When the Maid of Honor is Not Made of Money
Posted: Tuesday, August 19, 2008
by Jason Forthofer
Funny thing about most evolving wedding trends-usually it means a new, outrageously expensive idea implemented by someone trying to outdo those who wed before her. Case in point: Destination weddings started out as delightful, weekend affairs at a beach in close proximity to the bride's home. Now American brides and grooms ask their wedding party and guests to shell out money for a wedding weekend on a beach in Bali or a charming farmhouse in France.
- Brides, detail your expectations for your attendants early so they'll know exactly what you expect of them. They may have some serious soul-searching to do.
- Brides, please be sensitive to your friends' finances. You don't have to choose outrageously expensive attendant's dresses, nor must you have an over-the-top bridal shower, a destination bachelorette party or a Jack-and-Jill party. Talk with them. Be willing to compromise and explore other ideas.

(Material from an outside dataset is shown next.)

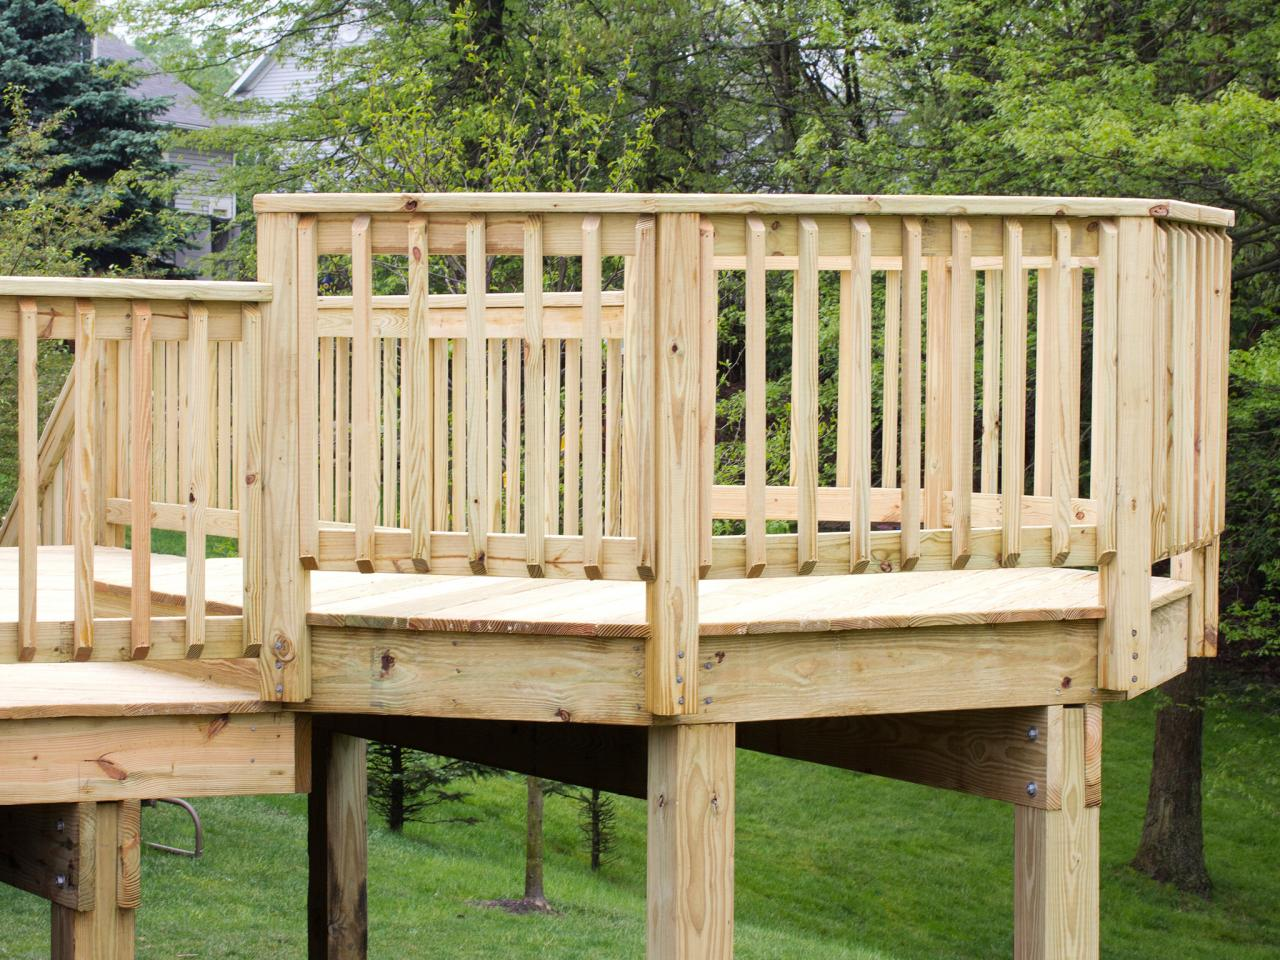 deck railing ideas deck railings: ideas and options KQIJAKL

- Maids of honor and bridesmaids, if your bride-to-be friend is expecting everything mentioned in the previous tip and your pocketbook can't handle it, talk to her and be honest about your financial situation. If she's truly a friend she'll back off on her expectations, offer to help pay for the big parties she wants or free you from your obligation as her attendant.
- Share the celebration expenses. Most maids of honor believe the obligation of throwing the bridal shower and bachelorette parties is theirs, though that's not necessarily true anymore. Divide the costs of the events among all the bride's attendants.
- Maids, don't forget. It's also OK to say no. Just do it early.